Research

My work sits at the intersection of mathematics and machine learning theory. I study the dynamics of attention in transformers — how tokens move, cluster, and represent information.

Papers

Normalization in Attention Dynamics

Nikita Karagodin, Yury Polyanskiy · NeurIPS 2025 (39th Conference on Neural Information Processing Systems)

We unify different normalization schemes (LayerNorm, RMSNorm, etc.) under the umbrella of token geometry, showing that the choice of normalization acts as a speed control on attention dynamics. We prove convergence rates that identify which methods converge faster.

Clustering in Causal Attention Masking

Nikita Karagodin, Yury Polyanskiy · NeurIPS 2024 (38th Conference on Neural Information Processing Systems)

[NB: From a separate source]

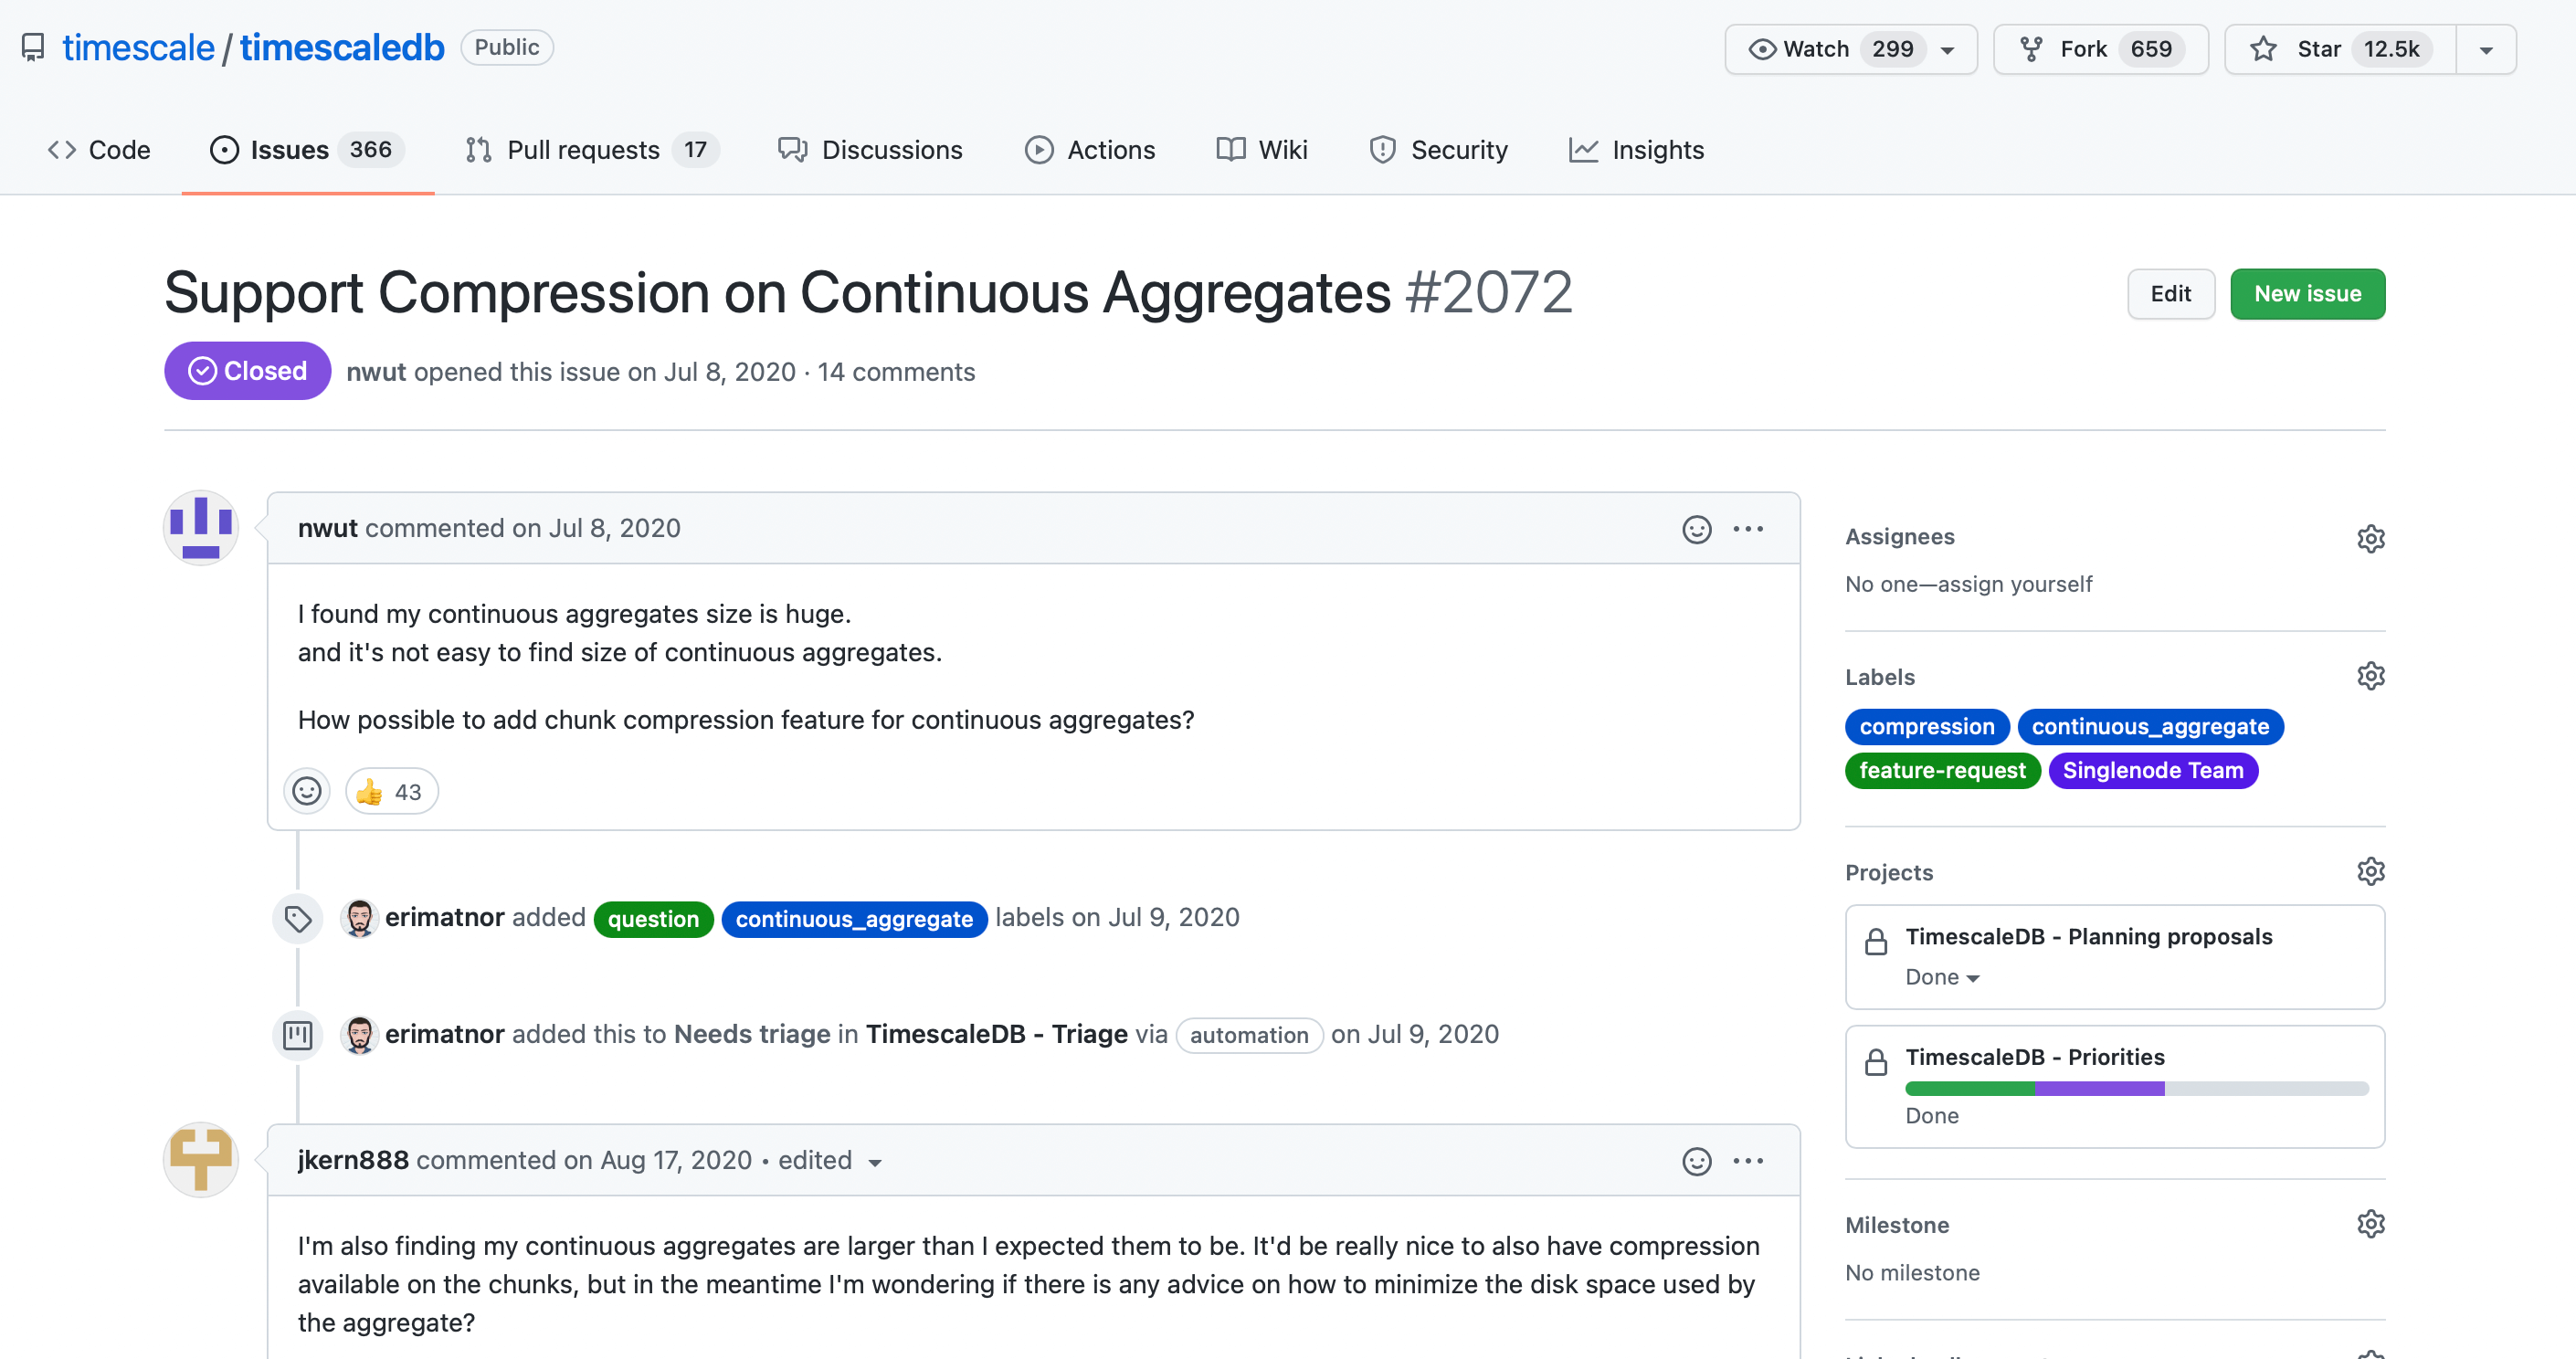 Screenshot of the GitHub issue that originated the support for compression in continuous aggregates

We provide the first treatment of autoregressive (causal) attention dynamics, establishing convergence guarantees and predicting how Value matrices influence the final token configuration.

Other fascinating things

Papers and ideas I didn't write but find remarkable.

The Unreasonable Effectiveness of Mathematics

Eugene Wigner, 1960

The classic essay on why mathematical concepts developed in pure abstraction turn out to describe physical reality with uncanny precision.

Neural Ordinary Differential Equations

Chen et al., NeurIPS 2018

The paper that started the neural ODE revolution — replacing discrete residual layers with continuous dynamics defined by an ODE solver.

Санкт-Петербург

A city of white nights, bridges rising over the Neva, and the quiet beauty that shaped a part of who I am.